Can someone explain to me why a holomorphic function that grows like a polynomial of degree $n$ is $n$-to-$1$ near it's roots? I keep reading this fact on this site, but I can't find an explanation.

Answer 1

As indicated in the comments, this is a consequence of the argument principle.

Here's the basic idea. Suppose $f$ has a zero of order $n$ at $a$. Then we may write $$f(z)=(z-a)^n g(z)$$ where $g$ is analytic and non-zero on a neighborhood of $a$. So on a suitably small disc we write $z=re^{i\theta}+a$, whence $$f( re^{i\theta}+a) =r^n e^{in\theta}g( re^{i\theta}+a).$$ The exponential tells us that every full rotation in the domain gives $n$ rotations in the image. Boundedness of $g$ away from zero assures it makes no net contributions: the arguments of its values stay inside an interval of size strictly less than $2\pi$.

Answer 2

The proof from the argument principle works like this.

Suppose $\Gamma$ is a positively oriented simple closed contour, let's say a circle, and $f$ is analytic in a domain that includes $\Gamma$ and its interior. Then the sum of the orders of the zeros of $f$ inside $\Gamma$ is $$ \dfrac{1}{2\pi i} \int_\Gamma \dfrac{f'(z)}{f(z)}\; dz$$ If you replace $f(z)$ by $f(z) - w$ you get the sum of the orders of the zeros of $f(z) - w$. Now the crucial point is that in some neighbourhood of $0$ (in fact in the connected component of ${\mathbb C} \backslash f(\Gamma)$ containing $0$) $\frac{1}{2\pi i} \int_{\Gamma} \frac{f'(z)}{f(z)-w}\; dz$ is constant.
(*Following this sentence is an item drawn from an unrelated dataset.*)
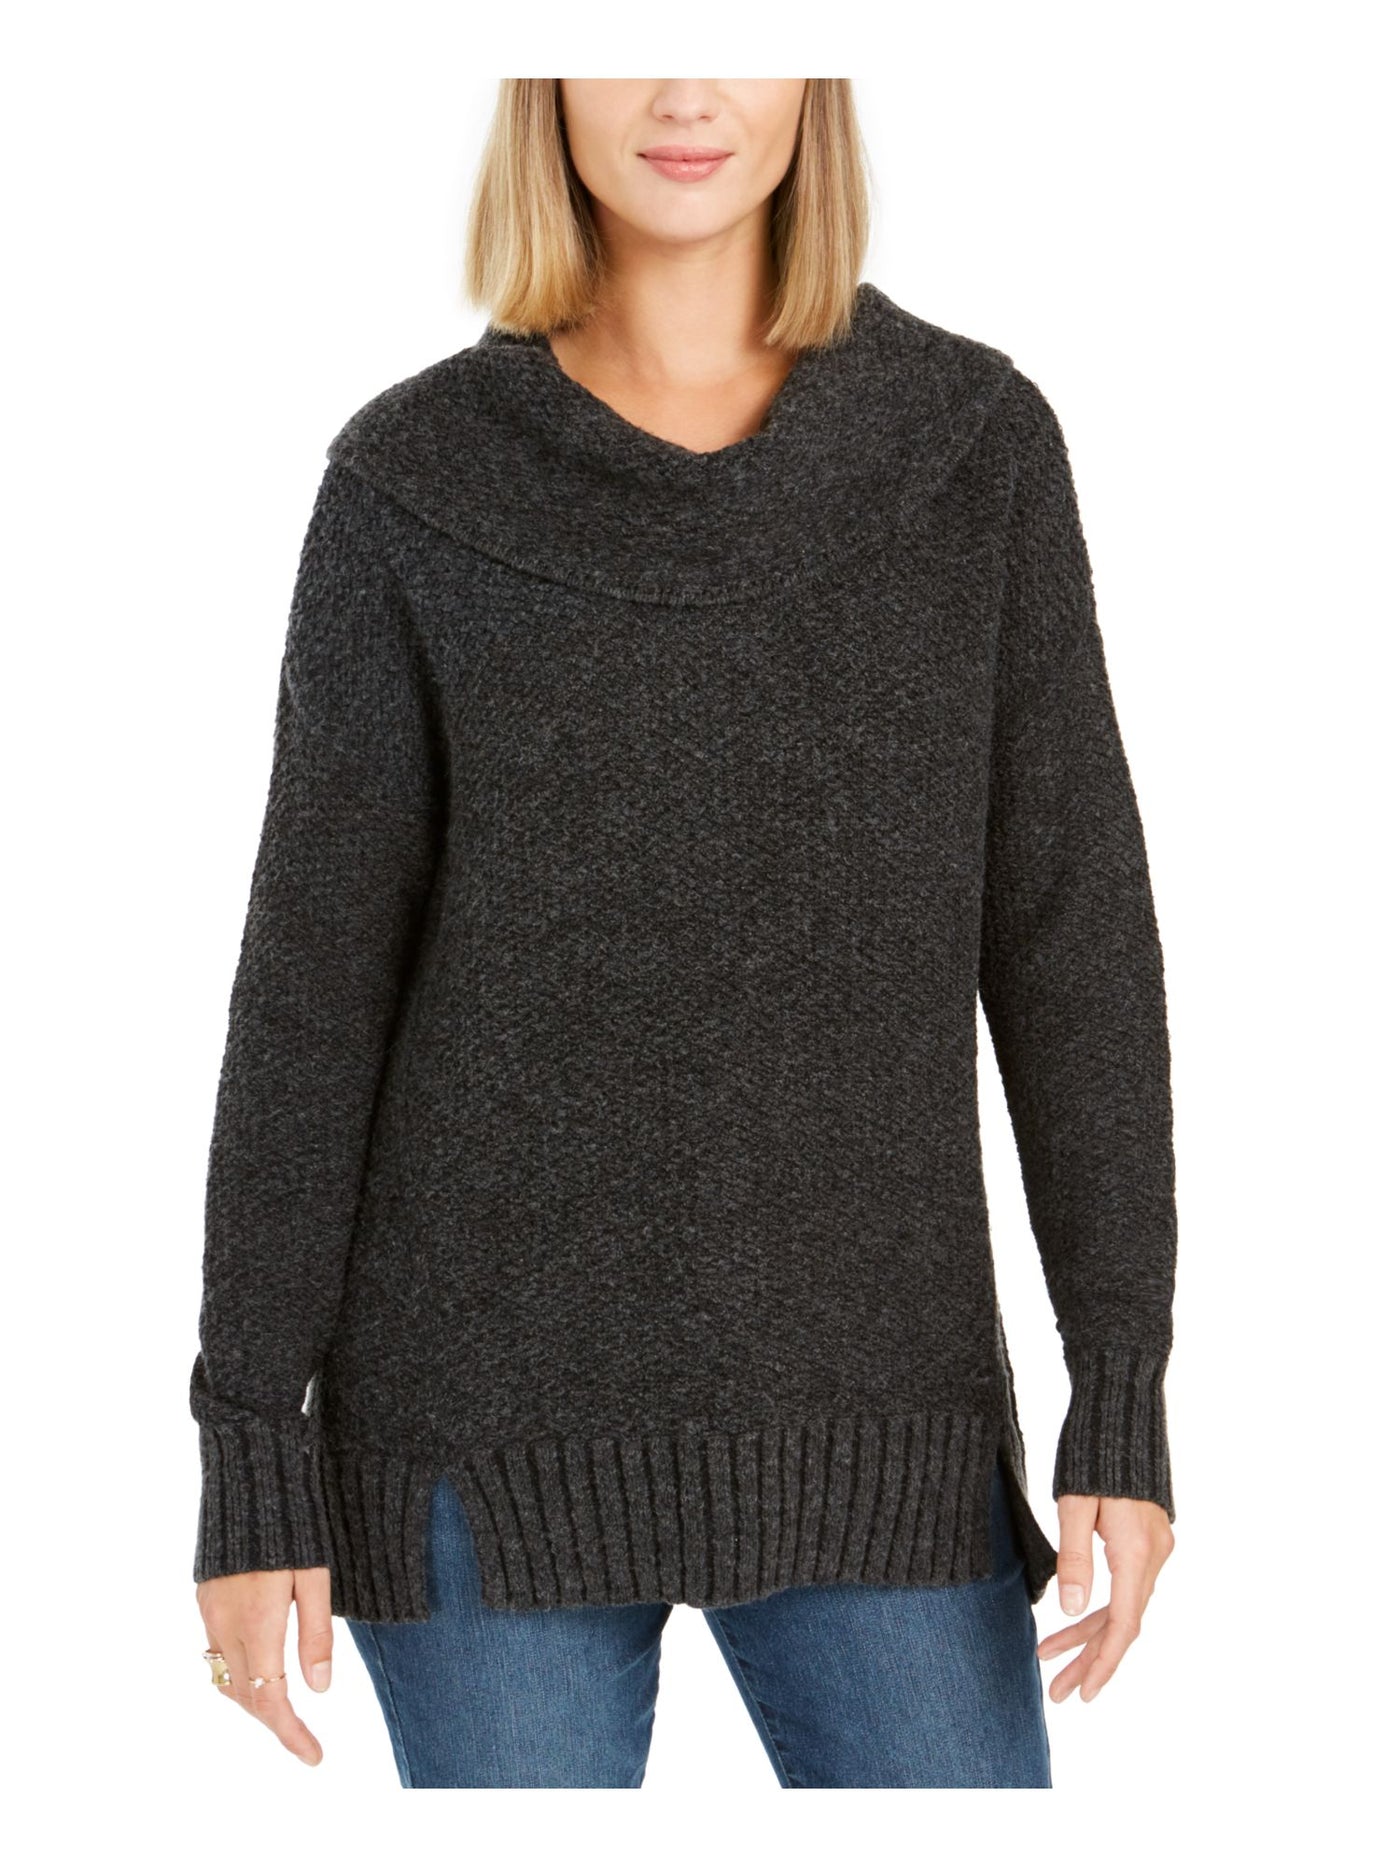 STYLE & COMPANY Womens Black Textured Long Sleeve Cowl Neck Sweater Petites PXL

So for $w$ near $0$, $f(z) = w$ has the same number of solutions (counted by order) inside $\Gamma$ as does $f(z) = 0$. If we avoid points $z$ where $f'(z) = 0$ (of which there are only finitely many inside $\Gamma$) the solutions of $f(z) = w$ all have order $1$.
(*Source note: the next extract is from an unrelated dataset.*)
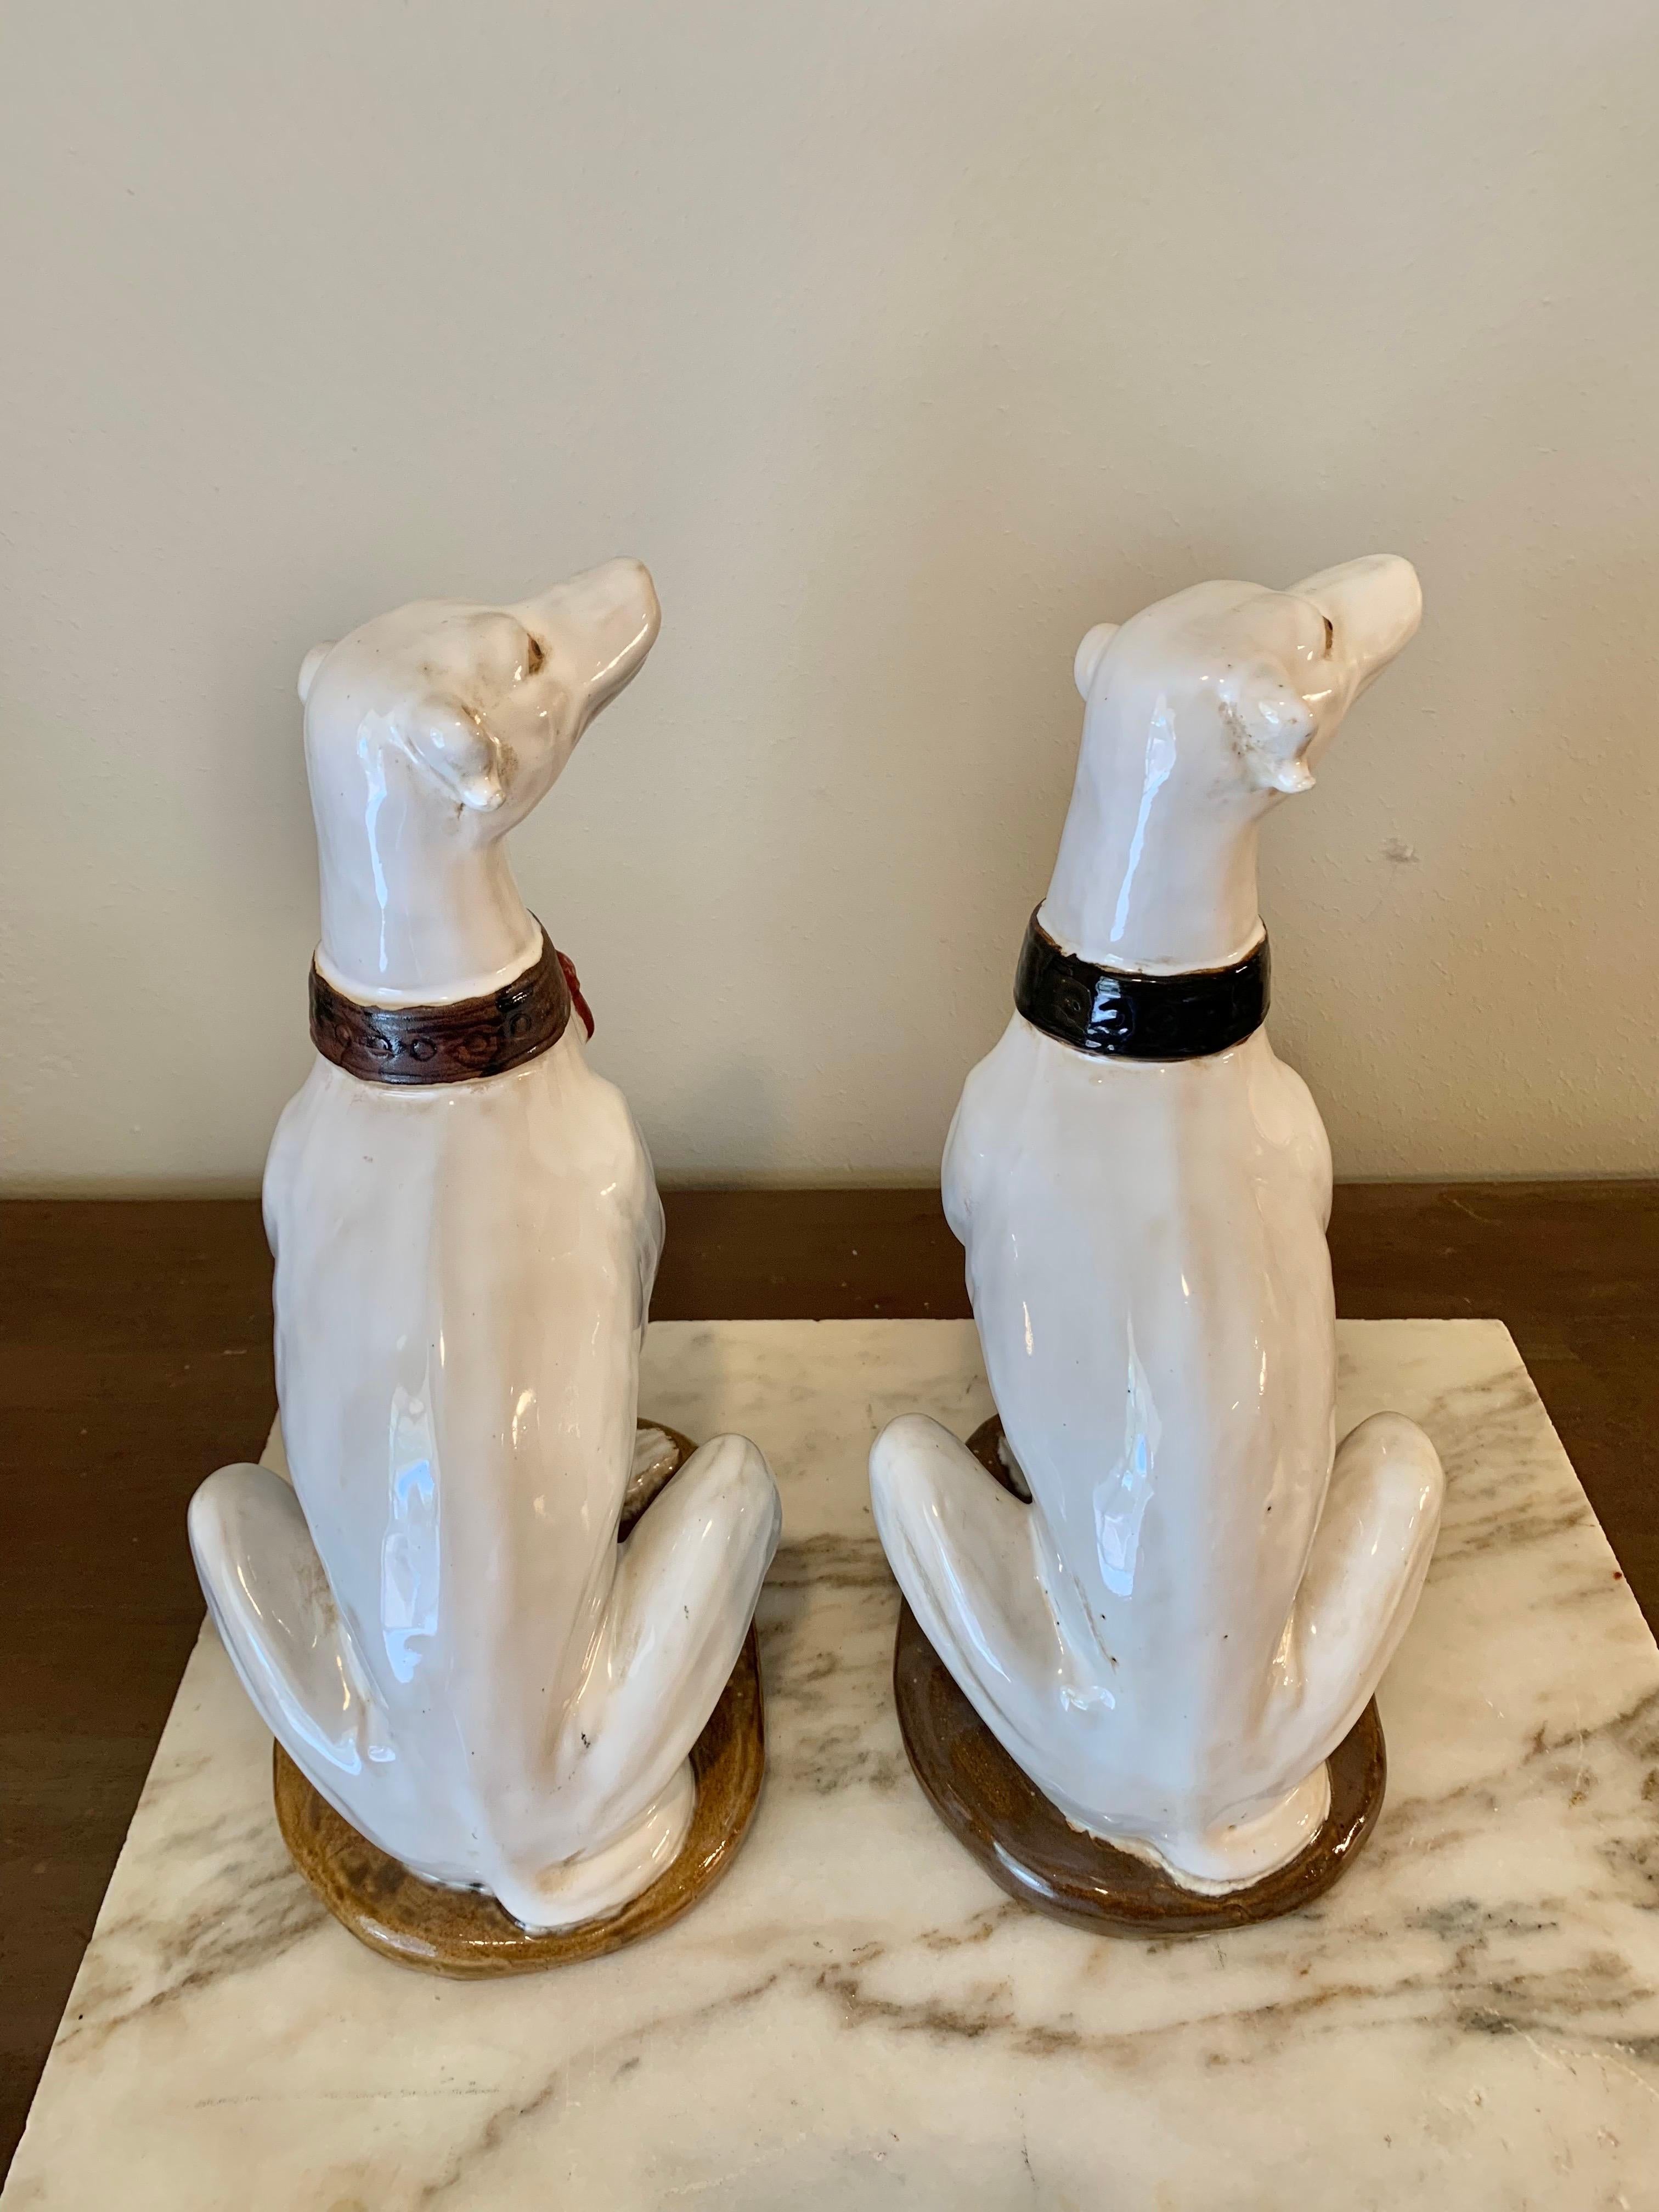 Hand-Crafted Mid 20th Century Italian Ceramic Whippet Sculptures - a Pair For Sale

In particular, if $\Gamma$ contains a single zero $p$ of $f$ and it has order $n$, this says that there is a neighbourhood $V$ of $0$ such that for every $w$ in $V$ except $0$, $f(z) = w$ has exactly $n$ solutions inside $\Gamma$. If $W$ is the part of $f^{-1}(V)$ inside $\Gamma$, then $f$ is $n$-to-one from $W \backslash \{p\}$ to $V \backslash \{0\}$.